• How to complete this task
The lines to repeat are those below from the one containing "Emilio Pucci Fashion" down to the one containing "1920's Egyptian Strap Assuit Dress", both included; reproduce them exactly and nothing else.

• Data provided

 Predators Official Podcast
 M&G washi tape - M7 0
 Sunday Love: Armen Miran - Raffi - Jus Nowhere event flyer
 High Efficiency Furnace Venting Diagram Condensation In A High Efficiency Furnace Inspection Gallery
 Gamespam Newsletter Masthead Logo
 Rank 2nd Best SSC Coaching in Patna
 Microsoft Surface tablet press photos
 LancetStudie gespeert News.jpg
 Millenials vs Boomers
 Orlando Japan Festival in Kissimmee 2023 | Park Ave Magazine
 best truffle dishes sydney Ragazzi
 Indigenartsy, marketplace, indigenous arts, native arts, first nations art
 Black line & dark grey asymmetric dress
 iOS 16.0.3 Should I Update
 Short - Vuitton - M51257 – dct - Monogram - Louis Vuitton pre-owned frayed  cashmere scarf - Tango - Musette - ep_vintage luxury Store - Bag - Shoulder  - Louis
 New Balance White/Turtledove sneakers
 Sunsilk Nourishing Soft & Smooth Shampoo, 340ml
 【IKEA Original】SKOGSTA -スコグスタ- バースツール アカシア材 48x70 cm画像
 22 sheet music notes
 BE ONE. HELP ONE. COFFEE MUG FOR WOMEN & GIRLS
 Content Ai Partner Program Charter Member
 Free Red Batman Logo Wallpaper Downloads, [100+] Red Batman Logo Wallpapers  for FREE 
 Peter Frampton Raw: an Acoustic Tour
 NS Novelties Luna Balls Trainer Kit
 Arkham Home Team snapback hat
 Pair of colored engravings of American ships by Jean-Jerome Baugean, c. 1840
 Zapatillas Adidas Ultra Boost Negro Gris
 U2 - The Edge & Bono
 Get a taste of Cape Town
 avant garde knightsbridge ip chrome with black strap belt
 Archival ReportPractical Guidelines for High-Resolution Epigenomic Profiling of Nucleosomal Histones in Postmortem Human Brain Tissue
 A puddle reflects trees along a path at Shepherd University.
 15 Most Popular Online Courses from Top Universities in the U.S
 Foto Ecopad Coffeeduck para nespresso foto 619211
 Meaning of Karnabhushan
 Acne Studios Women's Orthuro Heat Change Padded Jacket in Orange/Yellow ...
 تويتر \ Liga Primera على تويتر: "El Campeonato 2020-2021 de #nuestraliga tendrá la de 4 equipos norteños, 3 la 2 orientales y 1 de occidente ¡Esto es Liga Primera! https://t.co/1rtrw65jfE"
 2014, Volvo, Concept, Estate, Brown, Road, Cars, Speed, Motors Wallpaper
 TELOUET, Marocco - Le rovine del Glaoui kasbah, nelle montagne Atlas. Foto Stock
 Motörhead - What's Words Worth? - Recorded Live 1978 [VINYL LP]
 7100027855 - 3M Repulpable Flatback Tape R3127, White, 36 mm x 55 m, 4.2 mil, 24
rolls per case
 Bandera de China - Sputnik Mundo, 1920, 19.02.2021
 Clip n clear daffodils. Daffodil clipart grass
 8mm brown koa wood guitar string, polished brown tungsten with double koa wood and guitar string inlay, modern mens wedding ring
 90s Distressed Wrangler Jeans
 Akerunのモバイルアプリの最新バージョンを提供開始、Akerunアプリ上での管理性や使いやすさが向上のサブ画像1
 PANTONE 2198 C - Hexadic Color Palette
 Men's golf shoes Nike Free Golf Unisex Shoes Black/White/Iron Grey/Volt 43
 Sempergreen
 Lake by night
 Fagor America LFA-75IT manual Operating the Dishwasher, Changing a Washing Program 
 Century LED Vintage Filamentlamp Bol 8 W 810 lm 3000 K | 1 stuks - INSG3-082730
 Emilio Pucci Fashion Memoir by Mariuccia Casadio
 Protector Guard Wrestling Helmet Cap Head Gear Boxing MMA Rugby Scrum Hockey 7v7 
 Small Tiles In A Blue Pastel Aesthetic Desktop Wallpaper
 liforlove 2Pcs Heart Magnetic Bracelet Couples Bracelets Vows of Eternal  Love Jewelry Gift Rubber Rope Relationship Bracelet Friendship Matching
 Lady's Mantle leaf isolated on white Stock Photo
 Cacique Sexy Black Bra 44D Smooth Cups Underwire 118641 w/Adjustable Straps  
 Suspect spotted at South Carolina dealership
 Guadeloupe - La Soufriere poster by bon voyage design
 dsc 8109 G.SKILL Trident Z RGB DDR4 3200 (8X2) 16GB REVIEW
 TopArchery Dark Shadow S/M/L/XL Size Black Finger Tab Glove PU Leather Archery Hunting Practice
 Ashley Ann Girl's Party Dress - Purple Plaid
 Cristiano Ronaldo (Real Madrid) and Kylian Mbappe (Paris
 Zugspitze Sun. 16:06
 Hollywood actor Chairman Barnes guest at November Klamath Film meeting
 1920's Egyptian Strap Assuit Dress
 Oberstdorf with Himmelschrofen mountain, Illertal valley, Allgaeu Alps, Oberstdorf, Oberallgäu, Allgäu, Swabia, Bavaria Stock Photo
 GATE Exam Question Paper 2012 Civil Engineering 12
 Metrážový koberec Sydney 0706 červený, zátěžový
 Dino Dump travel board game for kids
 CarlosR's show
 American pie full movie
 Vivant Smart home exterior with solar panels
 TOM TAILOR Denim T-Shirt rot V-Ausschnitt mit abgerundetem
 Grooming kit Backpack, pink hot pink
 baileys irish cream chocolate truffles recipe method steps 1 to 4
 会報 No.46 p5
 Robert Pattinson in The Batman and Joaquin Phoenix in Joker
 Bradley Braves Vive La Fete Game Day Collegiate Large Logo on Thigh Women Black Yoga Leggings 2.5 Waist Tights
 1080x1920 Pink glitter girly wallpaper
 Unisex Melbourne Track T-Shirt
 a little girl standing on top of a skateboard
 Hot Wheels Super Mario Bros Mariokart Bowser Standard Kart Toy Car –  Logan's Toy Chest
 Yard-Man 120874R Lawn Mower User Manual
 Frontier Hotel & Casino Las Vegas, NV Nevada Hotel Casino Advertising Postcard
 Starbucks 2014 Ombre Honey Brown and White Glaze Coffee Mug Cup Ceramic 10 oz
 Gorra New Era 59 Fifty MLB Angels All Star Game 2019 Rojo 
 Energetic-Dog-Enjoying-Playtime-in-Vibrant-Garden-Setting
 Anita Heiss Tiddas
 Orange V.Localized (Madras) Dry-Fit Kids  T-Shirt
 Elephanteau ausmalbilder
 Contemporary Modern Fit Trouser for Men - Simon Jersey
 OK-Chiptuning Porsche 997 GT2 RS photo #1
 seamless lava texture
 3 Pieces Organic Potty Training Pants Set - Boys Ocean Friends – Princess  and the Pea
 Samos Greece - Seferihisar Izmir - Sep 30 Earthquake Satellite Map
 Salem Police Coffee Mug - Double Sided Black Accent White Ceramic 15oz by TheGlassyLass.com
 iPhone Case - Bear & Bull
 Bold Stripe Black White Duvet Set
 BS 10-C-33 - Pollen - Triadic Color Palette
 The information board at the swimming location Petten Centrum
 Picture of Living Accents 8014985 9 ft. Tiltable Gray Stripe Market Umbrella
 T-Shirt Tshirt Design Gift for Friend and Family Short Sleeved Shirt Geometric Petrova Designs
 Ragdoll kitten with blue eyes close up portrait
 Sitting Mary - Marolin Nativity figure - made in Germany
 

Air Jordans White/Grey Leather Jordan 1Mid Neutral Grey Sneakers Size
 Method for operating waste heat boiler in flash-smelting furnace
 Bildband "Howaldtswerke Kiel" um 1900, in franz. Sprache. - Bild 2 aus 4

• Answer below
 Emilio Pucci Fashion Memoir by Mariuccia Casadio
 Protector Guard Wrestling Helmet Cap Head Gear Boxing MMA Rugby Scrum Hockey 7v7 
 Small Tiles In A Blue Pastel Aesthetic Desktop Wallpaper
 liforlove 2Pcs Heart Magnetic Bracelet Couples Bracelets Vows of Eternal  Love Jewelry Gift Rubber Rope Relationship Bracelet Friendship Matching
 Lady's Mantle leaf isolated on white Stock Photo
 Cacique Sexy Black Bra 44D Smooth Cups Underwire 118641 w/Adjustable Straps  
 Suspect spotted at South Carolina dealership
 Guadeloupe - La Soufriere poster by bon voyage design
 dsc 8109 G.SKILL Trident Z RGB DDR4 3200 (8X2) 16GB REVIEW
 TopArchery Dark Shadow S/M/L/XL Size Black Finger Tab Glove PU Leather Archery Hunting Practice
 Ashley Ann Girl's Party Dress - Purple Plaid
 Cristiano Ronaldo (Real Madrid) and Kylian Mbappe (Paris
 Zugspitze Sun. 16:06
 Hollywood actor Chairman Barnes guest at November Klamath Film meeting
 1920's Egyptian Strap Assuit Dress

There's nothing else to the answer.